Introduction
Infective endocarditis (IE), a severe form of valvular disease, is mostly caused by Gram-positive bacteria. Lately, Gemella spp. have emerged as a cause of IE.1 Five species were reported to cause human infection: Gemella bergeri, Gemella haemolysans, Gemella morbillorum, Gemella palaticanis, and Gemella sanguinis.2, 3, 4, 5 Among them, G. morbillorum was reported in more than 40 cases and G. sanguinis in four cases of IE. Early surgery with prolonged parenteral antimicrobial therapy is key for successful management.1 Described here is a case of tricuspid valve IE due to G. sanguinis in a 4-year-old male patient. He was successfully treated with medical–surgical management.
Case report
A 4-year-old male patient presented with high-grade fever associated with chills and rigor, cough, weight loss, and abdominal distension. On physical examination, he was pale, febrile, and tachycardic with a pulse rate of 158 beats/min. Hepatosplenomegaly was present. His cardiovascular examination revealed a S3 gallop with no murmurs.
Complete blood count revealed anemia with hemoglobin of 5.2 gm% (RBC count 1.98 × 106/cumm, Packed cell volume 14.5%), increased RBC distribution width (16.7%), raised leukocyte count (26,900 cells/cumm with 74% neutrophils), and reduced platelet count (0.35 lakhs/cumm). Peripheral blood smear showed mild anisocytosis with moderate hypochromia.
An echocardiogram revealed huge bilobed echogenic mass of size 1.8 cm × 1.8 cm arising from atrial surface of septal tricuspid leaflet (STL) suggestive of IE vegetation with mild tricuspid regurgitation. Treatment was initially started with ceftriaxone 900 mg IV twice daily and amikacin 125 mg IV twice daily.
A diagnosis of tricuspid valve IE was made and the patient underwent successful prosthetic valve replacement surgery. A vegetation of size 5 cm × 3 cm with STL was sent for microbiological analysis along with blood for culture and sensitivity.

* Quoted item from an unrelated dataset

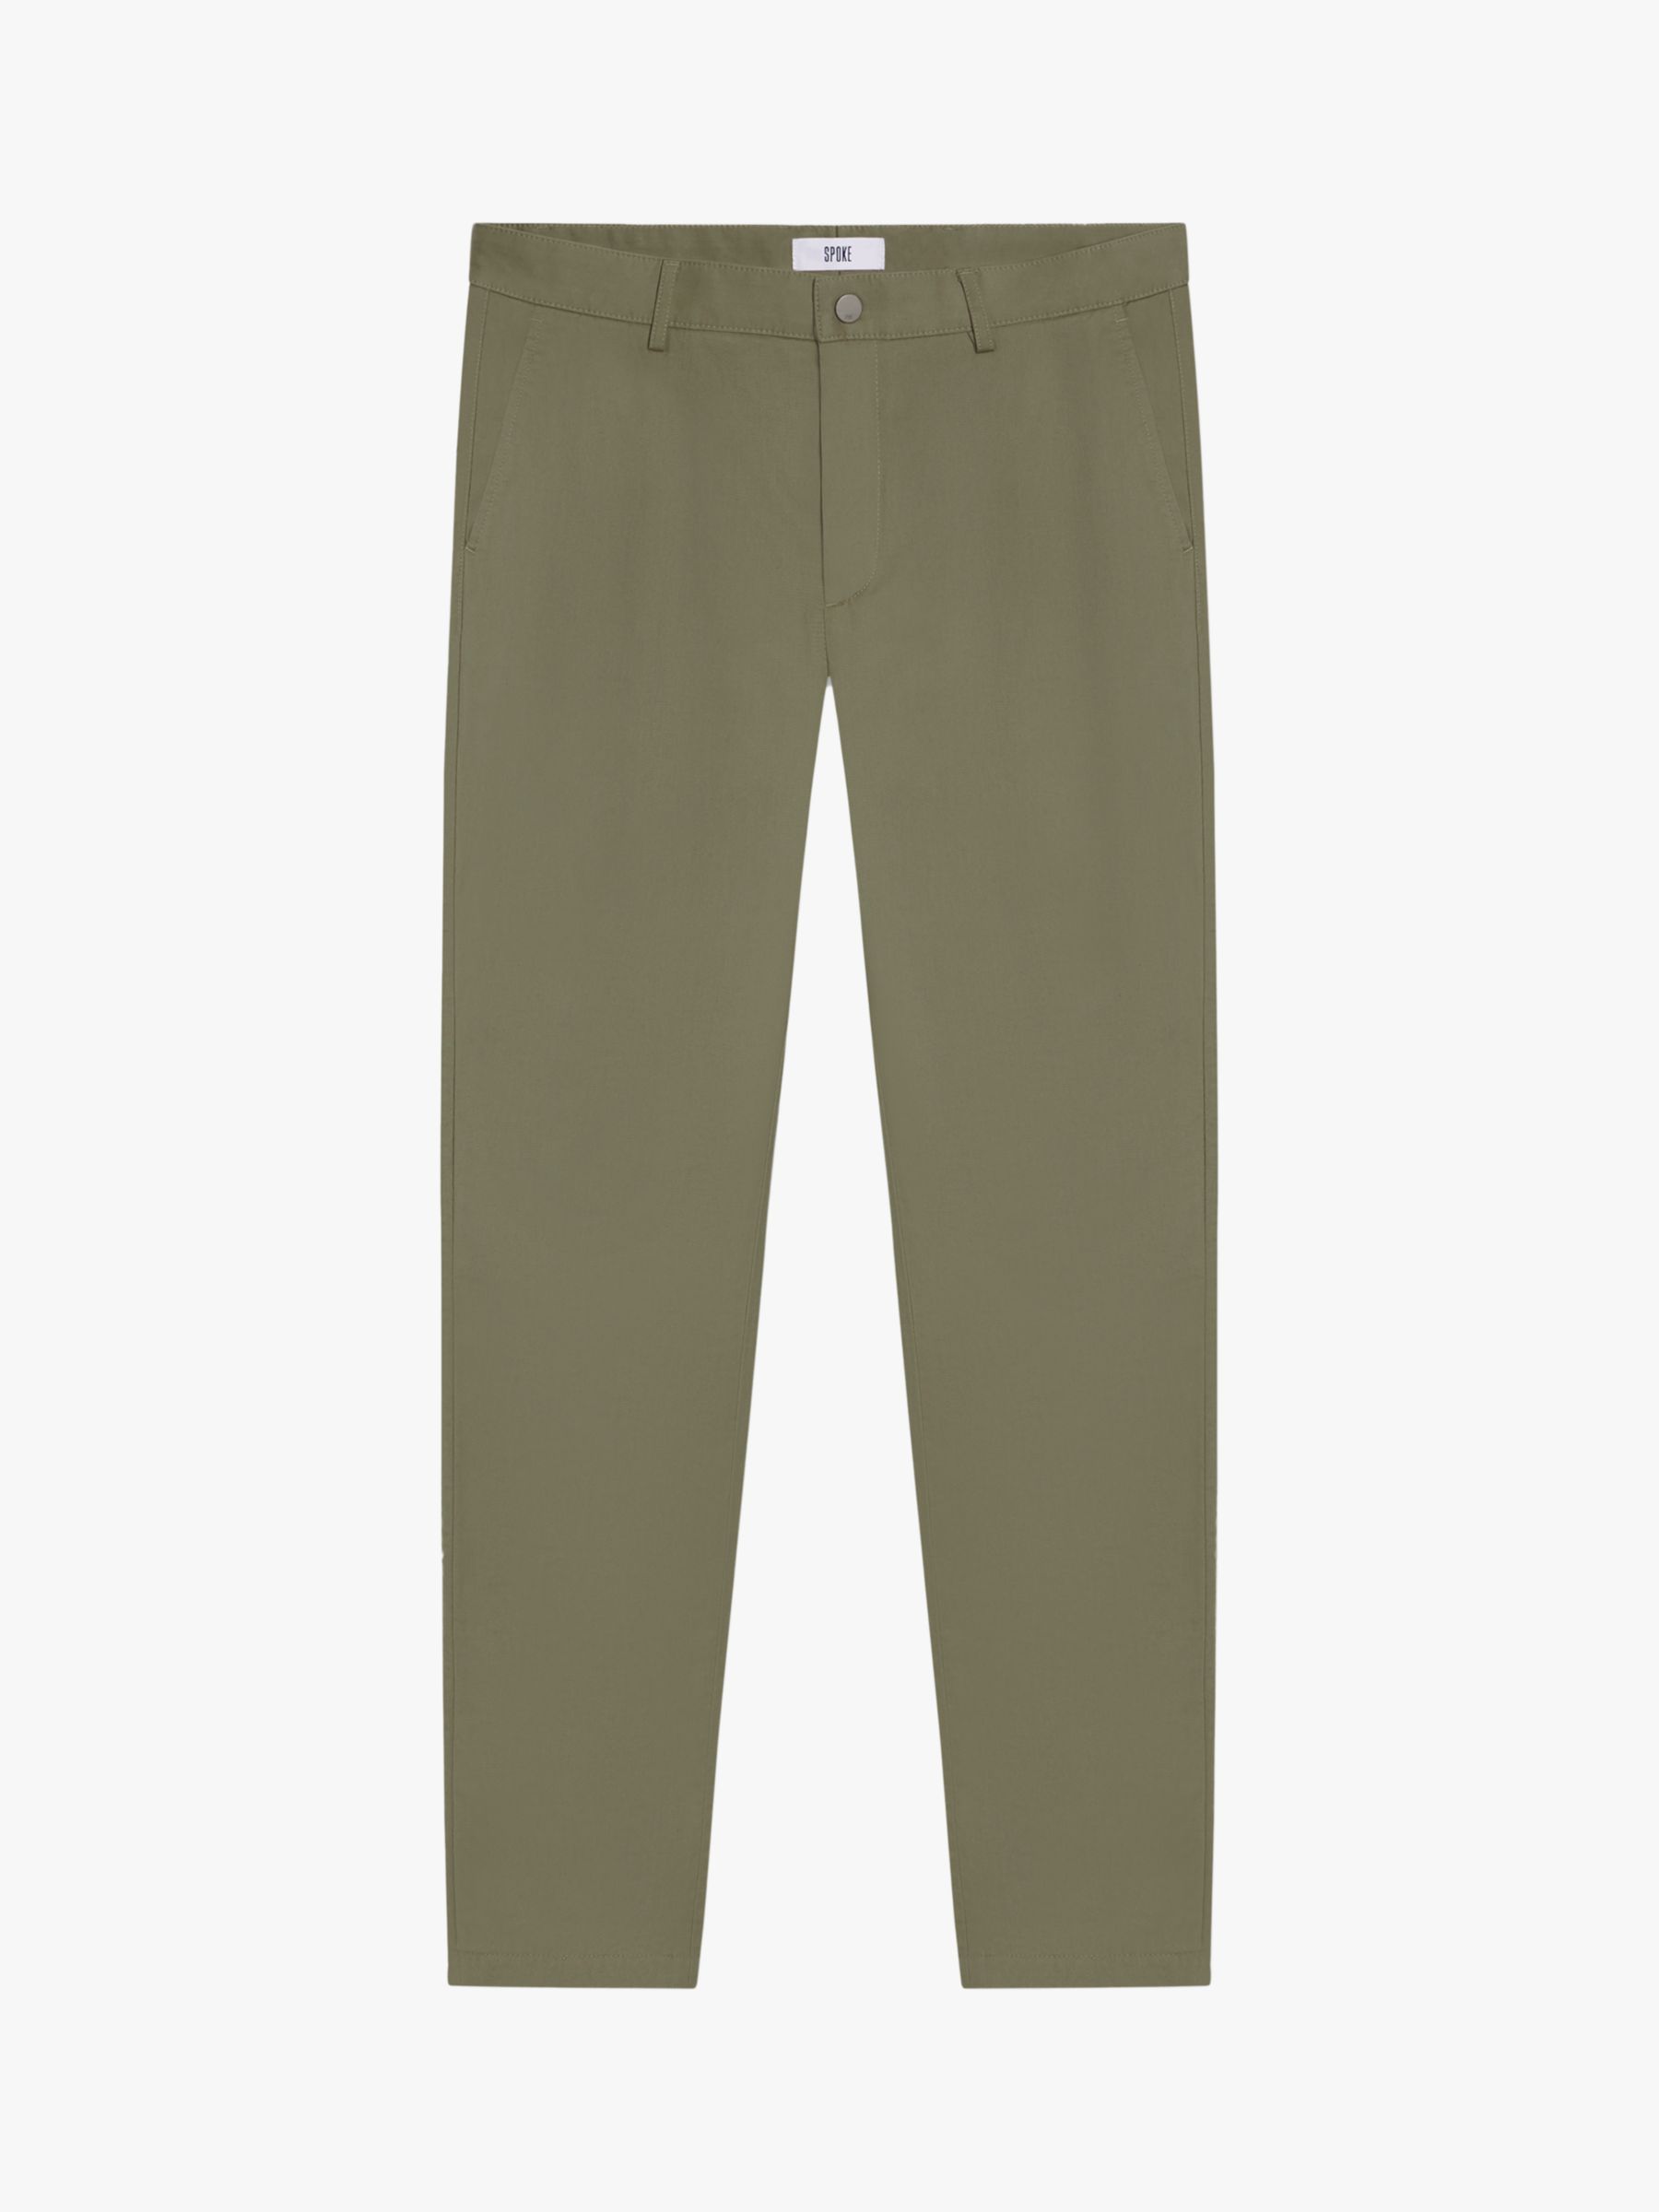 SPOKE Heroes Cotton Blend Narrow Thigh Chinos, Olive, W30/L28

Gram stain of vegetations showed Gram-positive cocci in pairs. The vegetation in Brain Heart Infusion (BHI) broth was incubated for 24 h and then sub-cultured in blood agar. After 48 h of incubation, blood agar showed non-hemolytic, tiny, pinpoint, smooth, translucent to grayish colonies. Gram stain showed Gram-positive cocci in pairs. The organism was identified as G. sanguinis by VITEK 2-Compact System (Biomerieux, France).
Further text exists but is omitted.